What this ADR is NOT
- Not a reframe-to-pass. The gate moves to DIFFERENT, BigFleet-controllable metrics — it does not loosen a threshold on the same uncontrollable metric. Coverage strictly increases: hop 5 (node-state-update) was a real uncovered hole, and the success-ratio gate closes the materialization-throughput hole that latency+shortfall gates miss under ADR-0052 crediting. Each new gate trips on a genuine future regression of its hop.
- Not a definition change. ADR-0014/0017/0018/0028/0035 definitions stand; this changes the target shape and which metric the release verdict reads.

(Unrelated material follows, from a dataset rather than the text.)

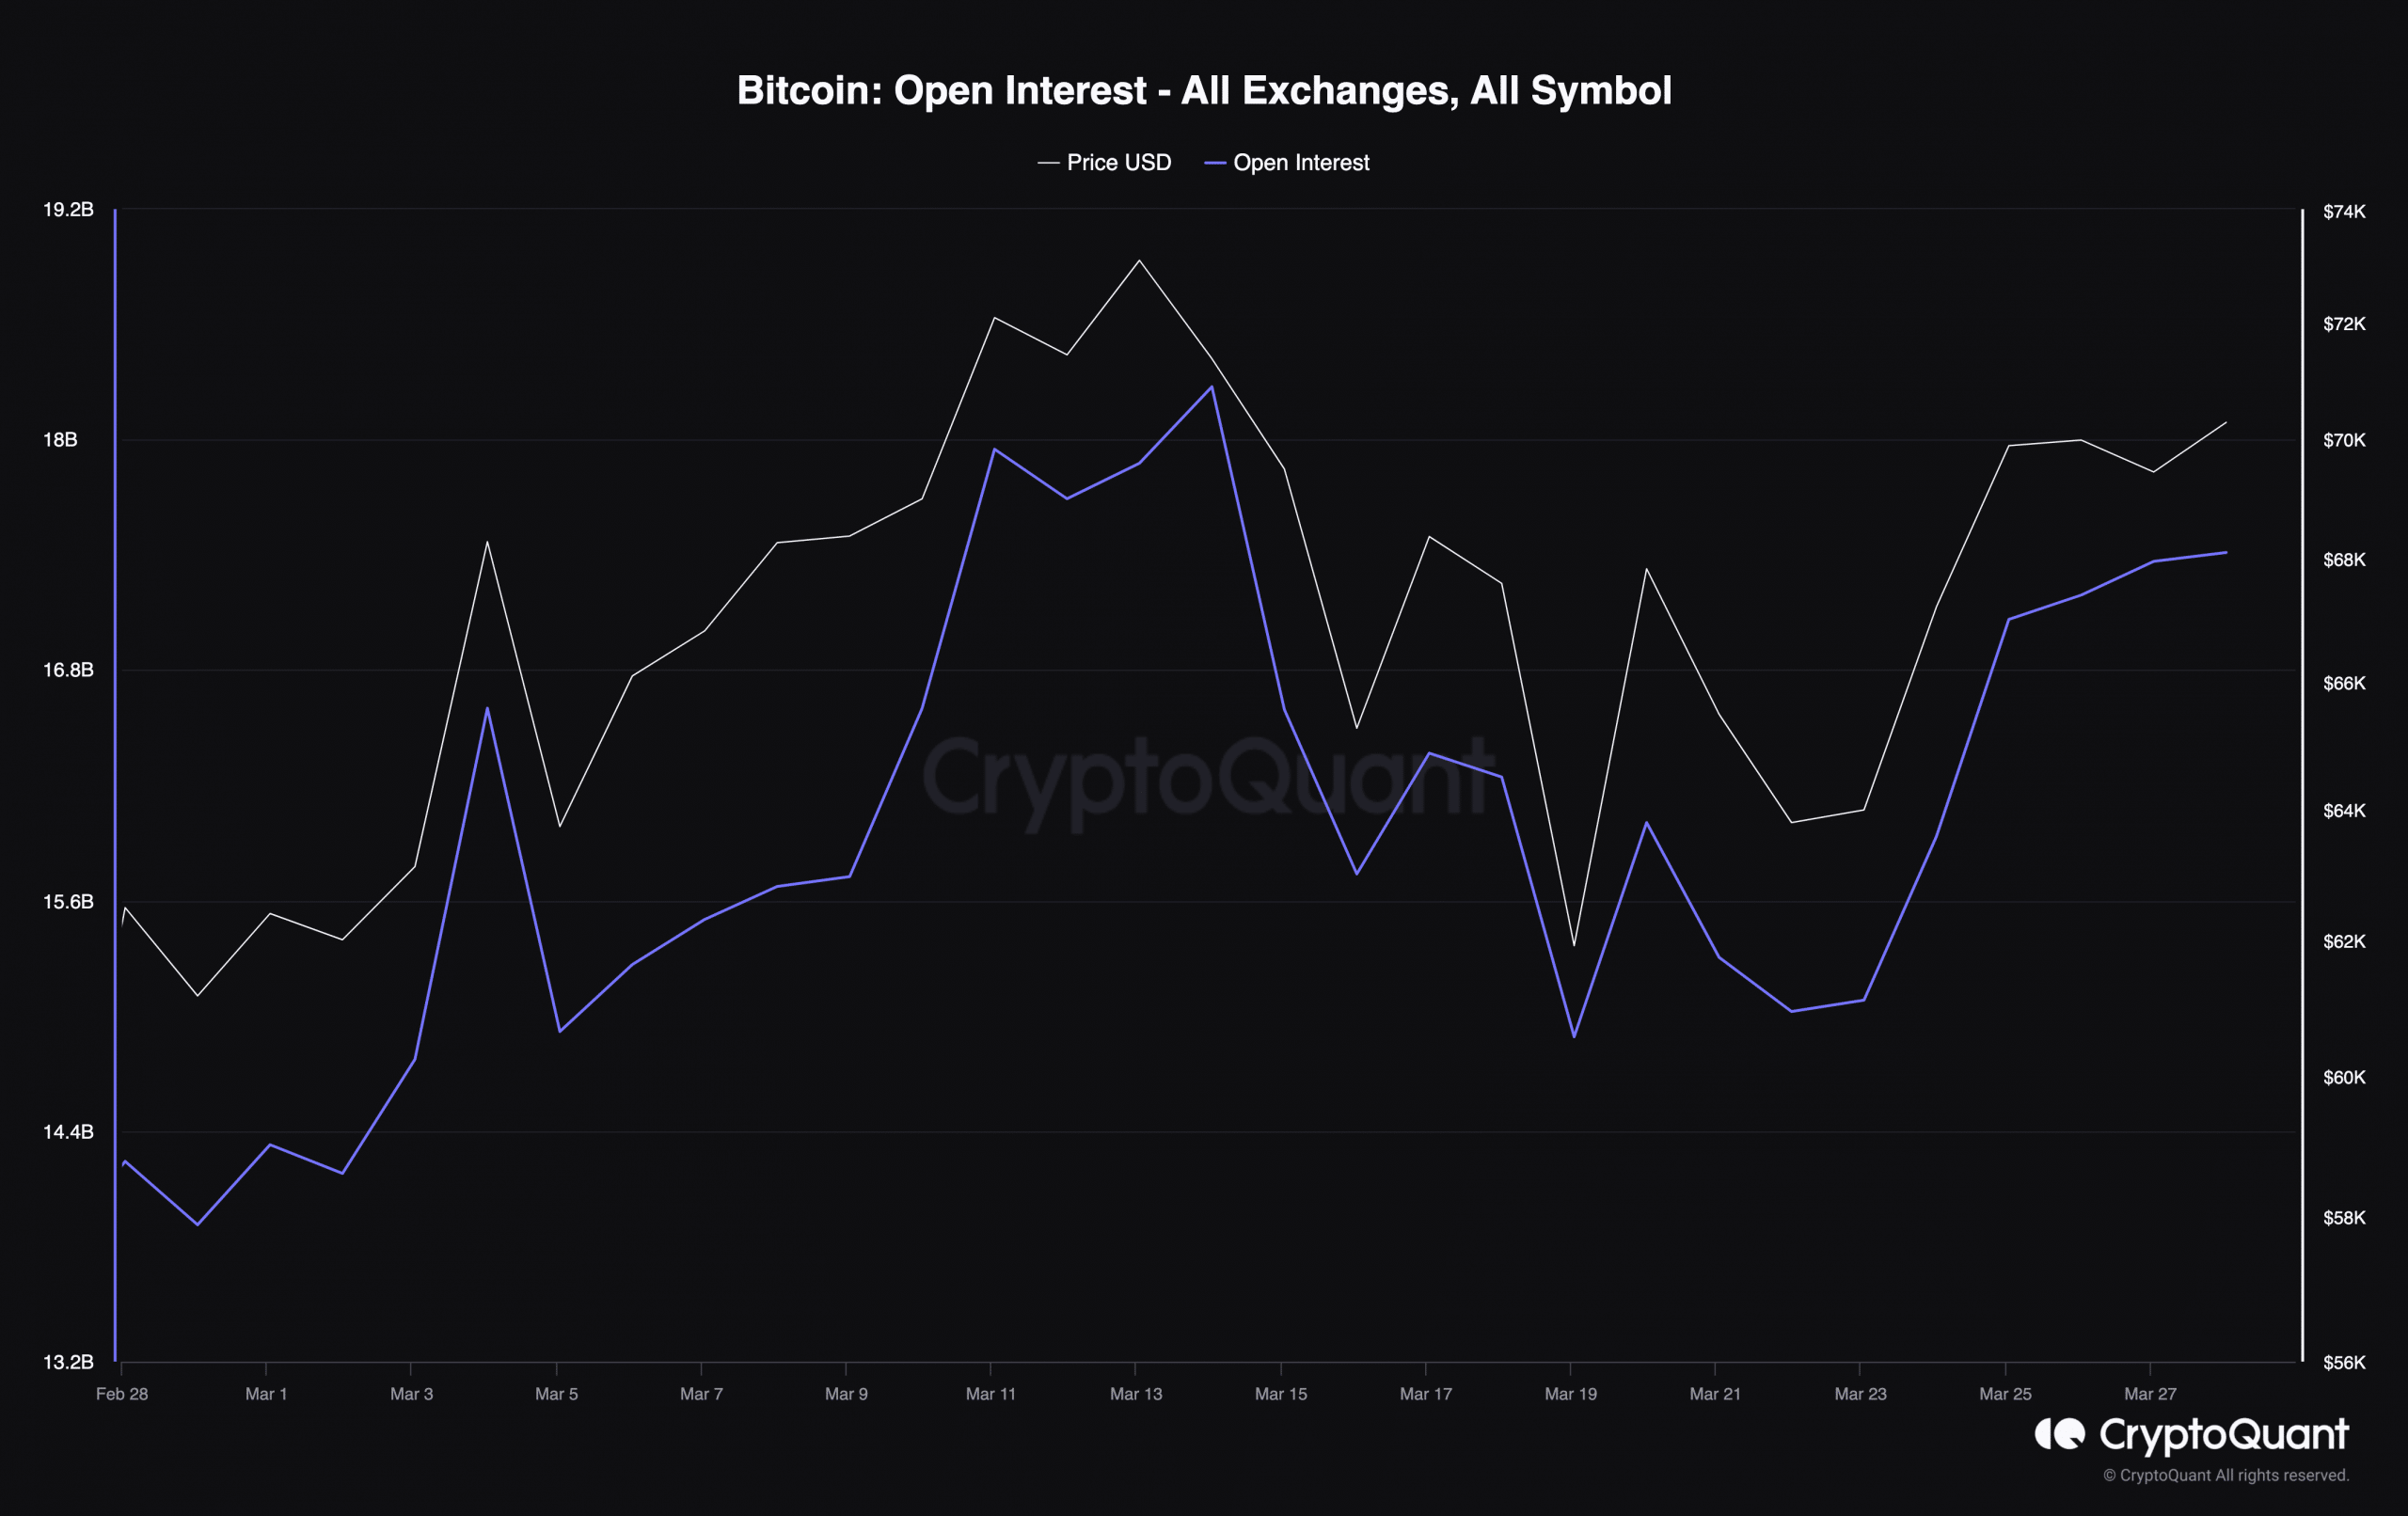 Bitcoin's rising open interest, indicating a possible price increase

- Not a change to the system under test. Harness-only (
scaletest-runner+ profile YAML).pkg/decision,pkg/shard,pkg/operatorwire formats unchanged; static stability unchanged. - Not a scheduler cap. The end-to-end p99 stays uncapped and informational, per the author decision.
Validation
Climb the ladder (CLAUDE.md): make prevalidate (runner/profile compile + closed-loop sim) + the new pass() unit test -> go test ./test/scaletest/... + go build ./... + lint -> the devpod-side kind/dev-50 integration rung (confirm the four new gates appear GATED in summary.json, end-to-end p99 + raw-max appear but are NOT in the verdict, run passes on BigFleet’s deliverable; ratify the provisional posture numbers against the de-tailed actuals) -> re-greenlight uber-5k (#258).